◆ Input records
****

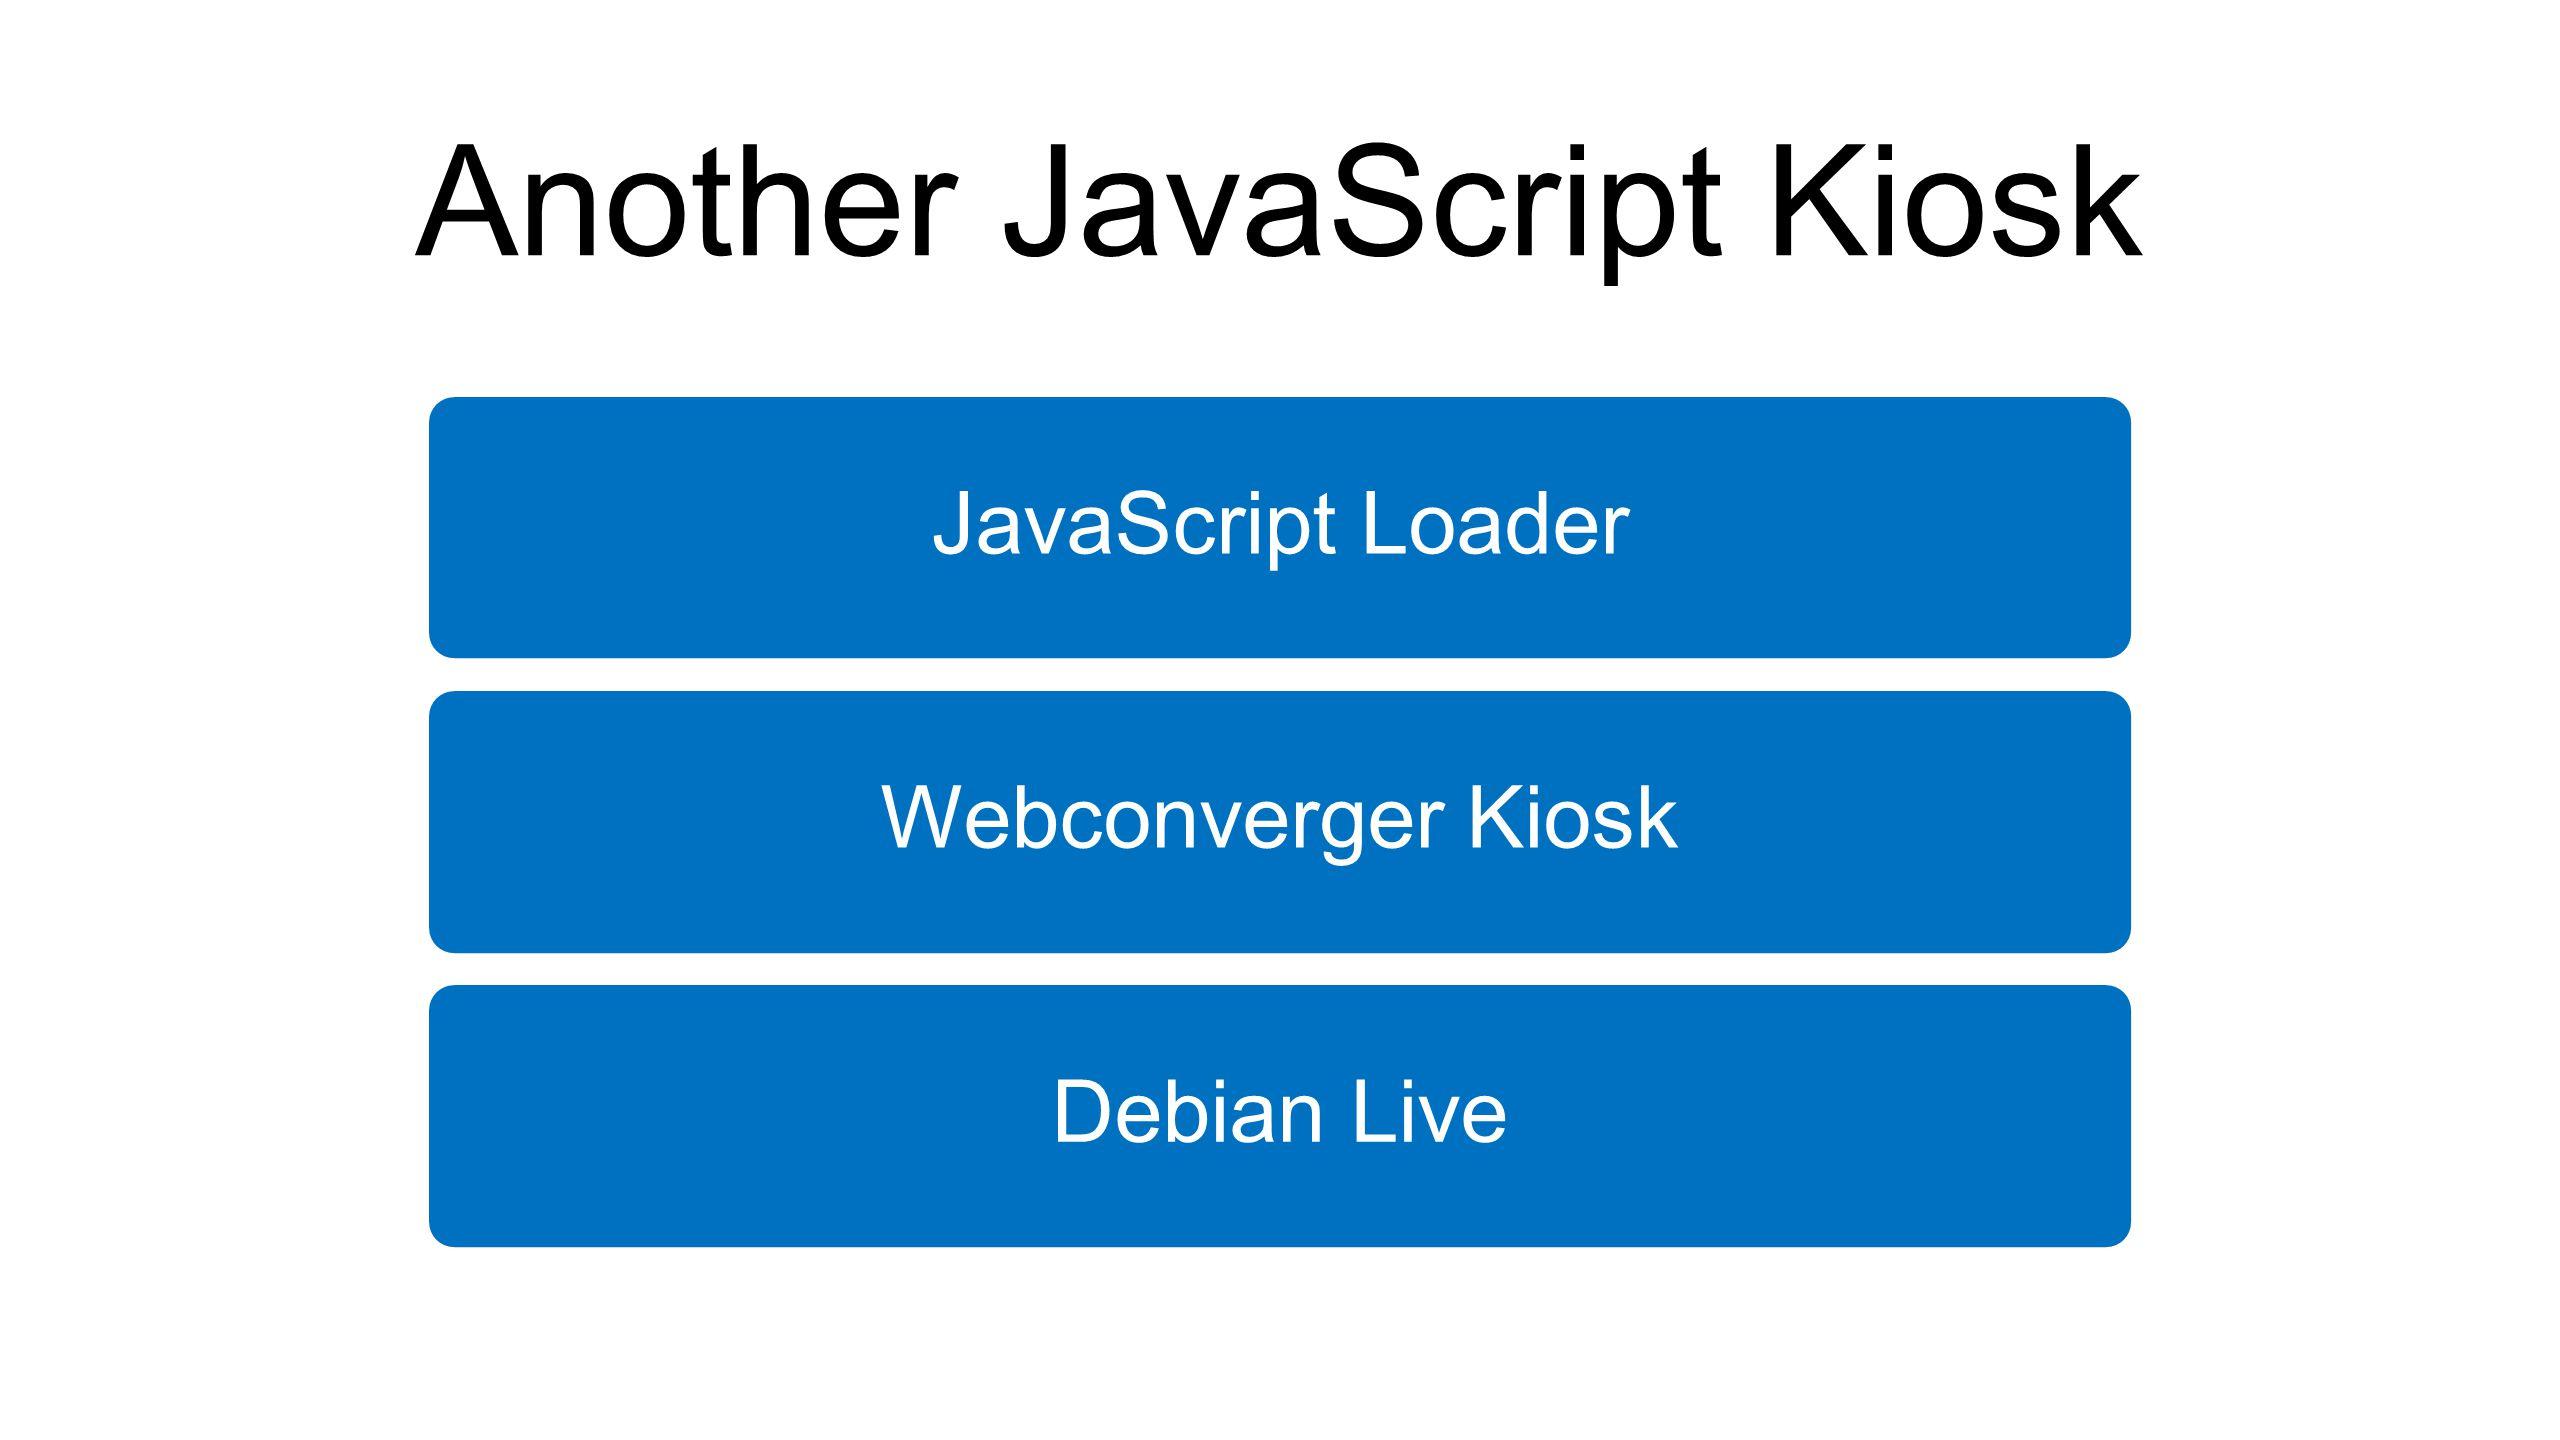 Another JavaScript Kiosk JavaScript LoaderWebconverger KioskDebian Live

****

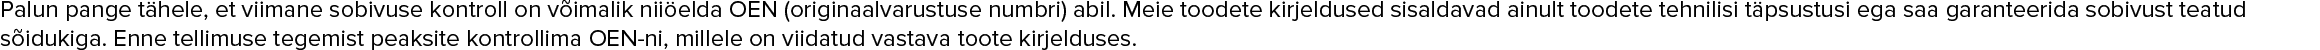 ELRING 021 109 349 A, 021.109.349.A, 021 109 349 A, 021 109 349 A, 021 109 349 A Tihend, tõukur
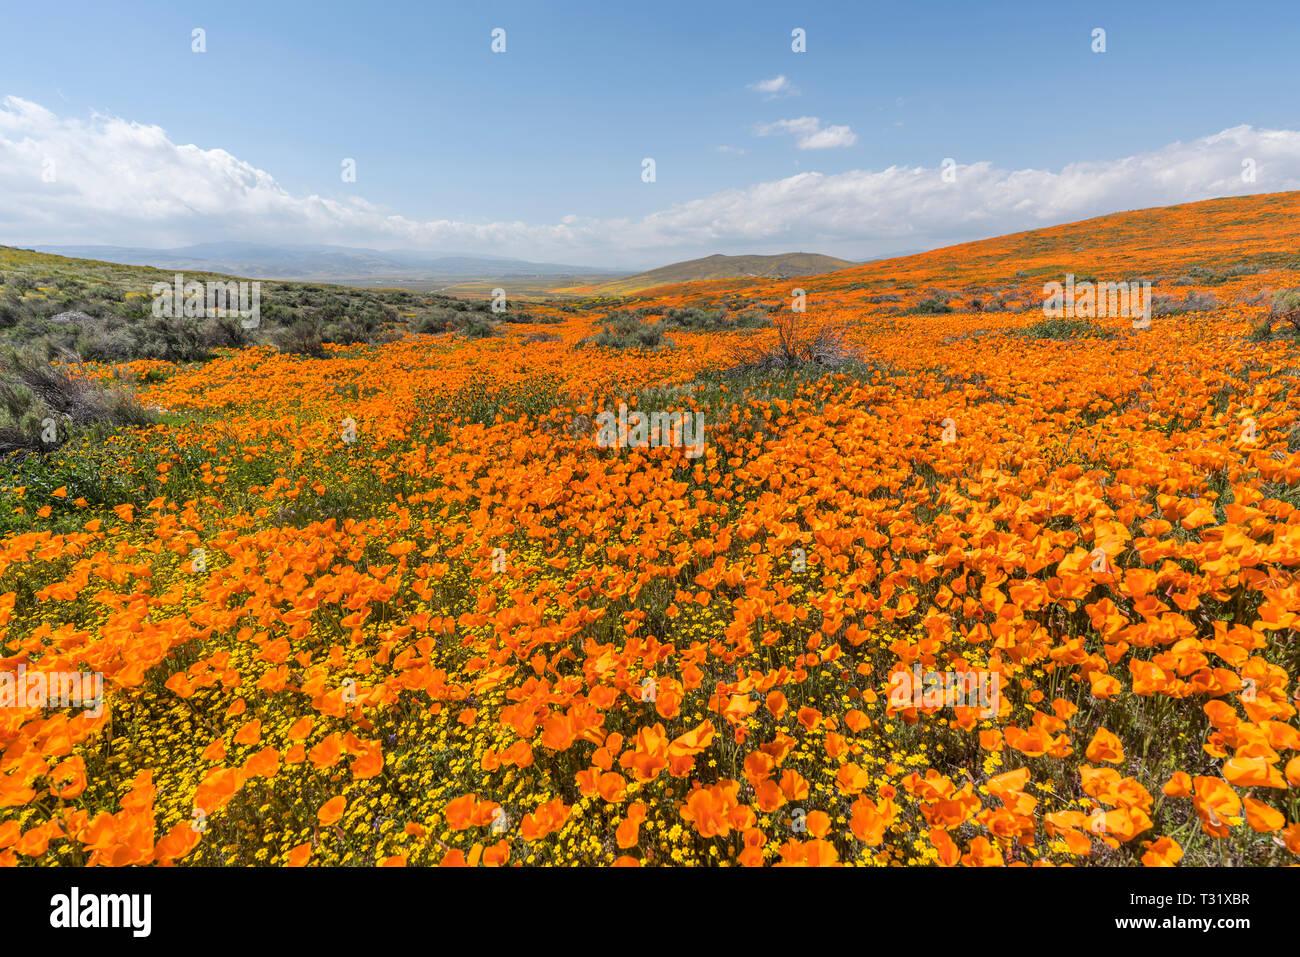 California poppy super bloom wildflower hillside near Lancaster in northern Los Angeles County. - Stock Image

****

◆ Task brief
What you return from the records above should be exactly everything from the line with "ELRING 021 109" down to the line with "California poppy super", both kept, and no pictures.

◆ Completed task
 ELRING 021 109 349 A, 021.109.349.A, 021 109 349 A, 021 109 349 A, 021 109 349 A Tihend, tõukur
 California poppy super bloom wildflower hillside near Lancaster in northern Los Angeles County. - Stock Image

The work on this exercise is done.